Больше Ришелье Марию не видел. По этому поводу он некоторое время сокрушался, особенно когда вспоминал их совместную работу. Во времена былые от герцогини получал он порой пусть и скудные, но весьма полезные новости. Да, конечно, имел он и при королеве своего платного шпиона, мадемуазель де Шемеро, только проницательная красавица Отфор быстро раскусила ее и воздвигла столь бдительную опеку, против которой и кардинал ничего не смог поделать. Король же с каждым днем все глубже увязал в своем чувстве к этой блистательной придворной красавице, единодушно прозванной Авророй, которая и не думала скрывать свою неприязнь к Людовику. Да, несмотря на все ее грязные делишки, кардиналу явно не хватало мадам де Шеврез…
А Мария за неимением лучшего готовилась вкусить все прелести лета Турена и занималась переустройством дома. Перед отъездом из Парижа она направила курьера к Базилио с просьбой уговорить Мальвиля последовать за ней, но флорентиец в ответе сообщил Марии, что его товарищ по уединению исчез:
«Он не стал более задерживаться здесь, где ему оставалось разве что играть с Базилио в шахматы. Он не стал слушать его мудрых советов и даже отказался выслушать свой гороскоп, утверждая, что лучше ему про него ничего не знать. Все это не от большого ума! Как бы там ни было, но однажды на рассвете он исчез, захватив с собой немного провианта и лучшего во всей конюшне скакуна. А поскольку никому не довелось его увидеть, что вполне естественно, если кто-то исчезает ночью, Базилио даже не может тебе сказать, госпожа герцогиня, в какую он уехал сторону. Базилио привязался к нему. Не считая отсутствия у него просвещенного ума, в остальном он славный малый…»

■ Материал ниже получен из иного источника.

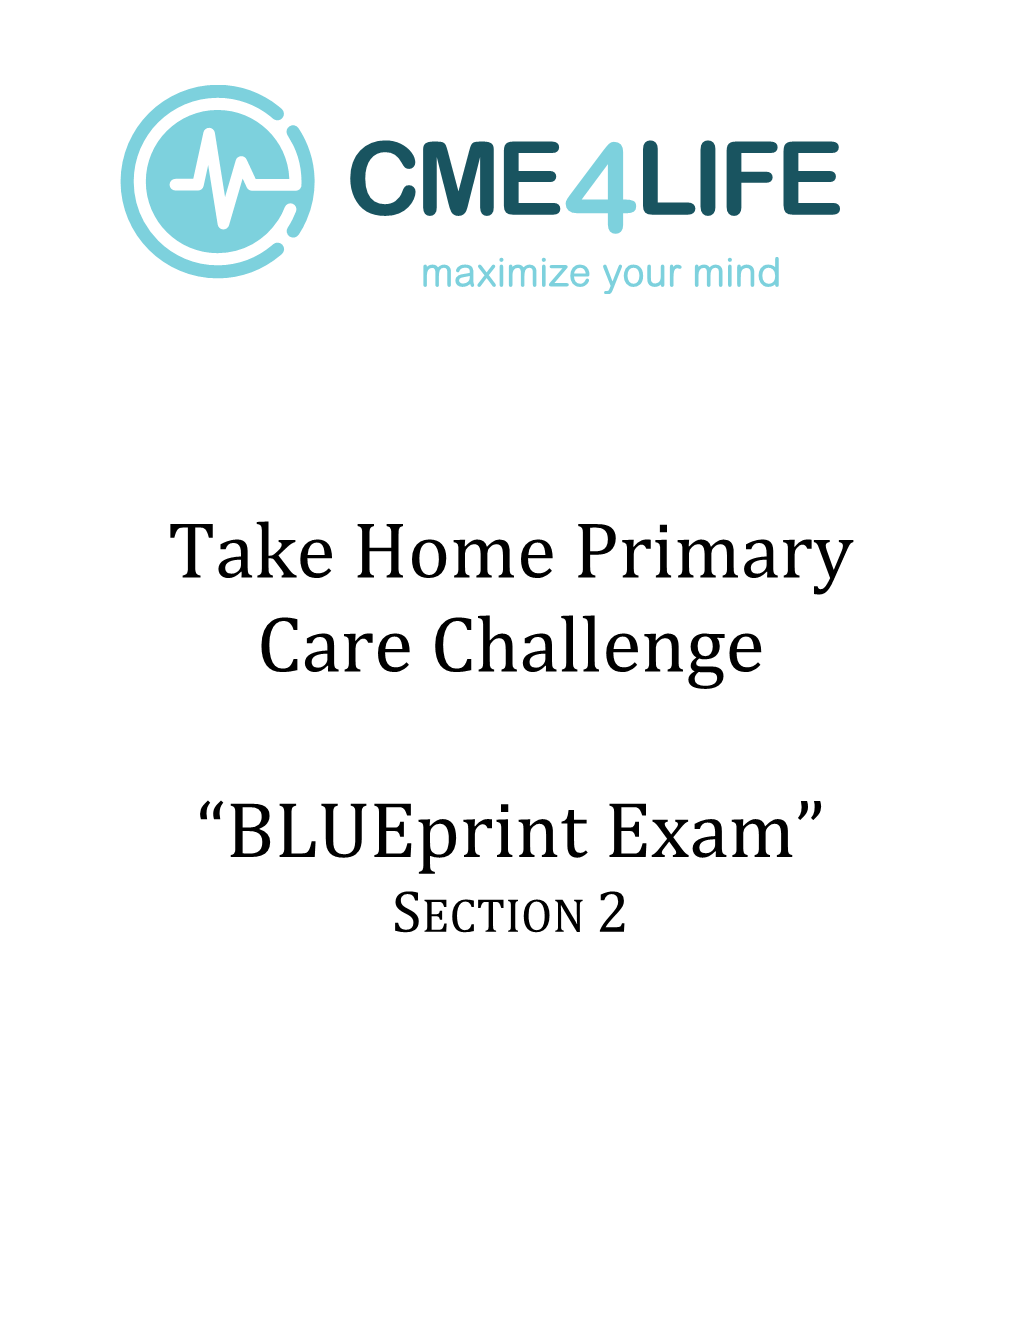 Take Home Primary Care Challenge “Blueprint Exam”

Полученное известие ввергло Марию в глубокие раздумья, а Эрмину в волнение.
– Зачем он это сделал? – воскликнула девушка, едва не плача. – Он должен был знать, что повсюду шпионы кардинала и покидать убежище опасно! Куда же он мог уехать?
– У нас нет возможности это узнать, – вздохнула герцогиня. – Может, он вернулся к себе в Нормандию?
– Чтобы оказаться в руках короля: все его слуги и земли, должно быть, захвачены…
– Он ведь не осужден. От него можно ничего не получить.
– Знаю, что не осужден, но теперь его непременно осудят, а его побег усугубляет дело. Я слышала, что кардинал прибегает к услугам одного ужасного человека, хитрого и безжалостного, он и обделывает все грязные делишки. Зовут его Лаффма, и его руки уже запачканы кровью… Габриэль попадет к нему…
В ответ Мария рассмеялась и усадила Эрмину рядом с собой.